Former First Lady of Virginia Sentenced to Prison
Wife of Former Virginia Governor Robert McDonnell Sentenced to One Year and One Day in Prison in Public Corruption Case
RICHMOND, Va. – The former First Lady of Virginia, Maureen G. McDonnell, 60, of Glen Allen, Virginia, was sentenced today to one year and one day in prison, for soliciting and obtaining payments, loans, gifts and other items from Star Scientific, a Virginia-based corporation, and Jonnie R. Williams Sr., Star Scientific’s then chief executive officer, in violation of federal public corruption laws.
Dana J. Boente, U.S. Attorney for the Eastern District of Virginia; Leslie R. Caldwell, Assistant Attorney General of the Justice Department’s Criminal Division; Adam S. Lee, Special Agent in Charge of the FBI’s Richmond Field Office; Richard Weber, Chief, IRS Criminal Investigation (IRS-CI); and Colonel W. Steven Flaherty, Virginia State Police Superintendent, made the announcement after sentencing by Senior U.S. District Judge James R. Spencer.
Former Virginia Governor Robert McDonnell and his wife, Maureen McDonnell, were convicted on Sept. 4, 2014, following a jury trial of one count of conspiracy to commit honest-services wire fraud and one count of conspiracy to obtain property under color of official right. Maureen McDonnell also was convicted of two counts of honest-services wire fraud and four counts of obtaining property under color of official right, while Robert McDonnell was convicted of three counts of honest-services wire fraud and six counts of obtaining property under color of official right. In total, Maureen McDonnell was convicted of eight of 13 counts and Robert McDonnell was convicted of 11 of 13 counts.
According to the evidence presented at trial, from April 2011 through March 2013, the McDonnell’s participated in a scheme to use the former governor’s official position to enrich themselves and their family members by soliciting and obtaining payments, loans, gifts and other things of value from Star Scientific and Jonnie R. Williams Sr. The McDonnell’s obtained these items in exchange for the former governor performing official actions to legitimize, promote and obtain research studies for Star’s products, including the dietary supplement Anatabloc.
According to evidence presented at trial, the McDonnell’s obtained from Williams more than $170,000 in direct payments as gifts and loans, thousands of dollars in golf outings, and numerous items.
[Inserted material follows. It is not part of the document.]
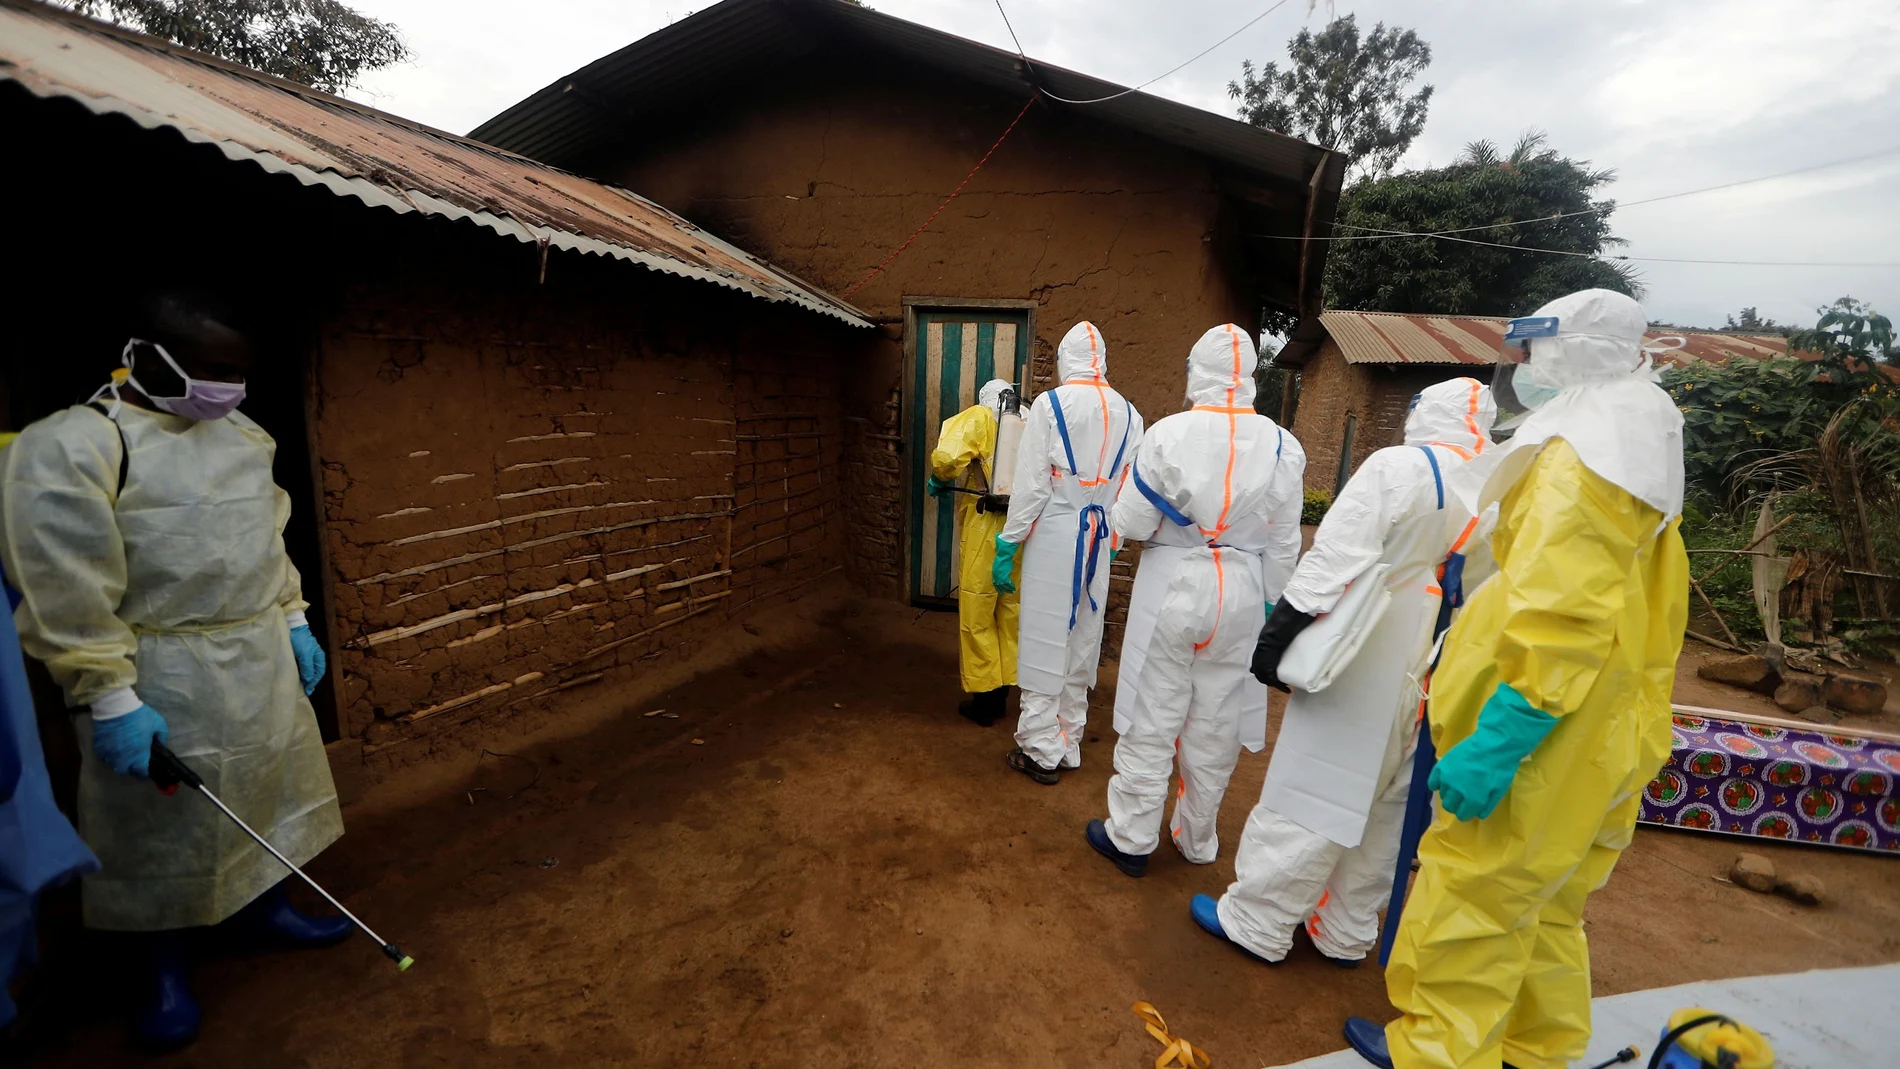 FILE PHOTO: Kavota Mugisha Robert (L), a healthcare worker who volunteered in the Ebola response, stands with decontamination gear as his colleague prepare to enter a house where a woman, 85, is suspected of dying of Ebola in the Eastern Congolese town of

As part of the scheme, Robert McDonnell arranged meetings for Williams with Virginia government officials, hosted and attended events at the Governor’s Mansion designed to encourage Virginia university researchers to initiate studies of Star’s products and to promote Star’s products to doctors, contacted other Virginia government officials to encourage Virginia state research universities to initiate studies of Star’s products, and promoted Star’s products and facilitated its relationships with Virginia government officials.
The evidence further showed that the McDonnell’s attempted to conceal the things of value received from Williams and Star to hide the nature and scope of their dealings with Williams from the citizens of Virginia by, for example, routing gifts and loans through family members and corporate entities controlled by the former governor to avoid annual disclosure requirements.
The case is being prosecuted by Assistant U.S. Attorneys Michael S. Dry, Jessica D. Aber, and Ryan S. Faulconer of the U.S. Attorney’s Office for the Eastern District of Virginia, and Deputy Chief David V. Harbach II of the Criminal Division’s Public Integrity Section. The case is being investigated by the FBI’s Richmond Division, IRS-CI, and the Virginia State Police.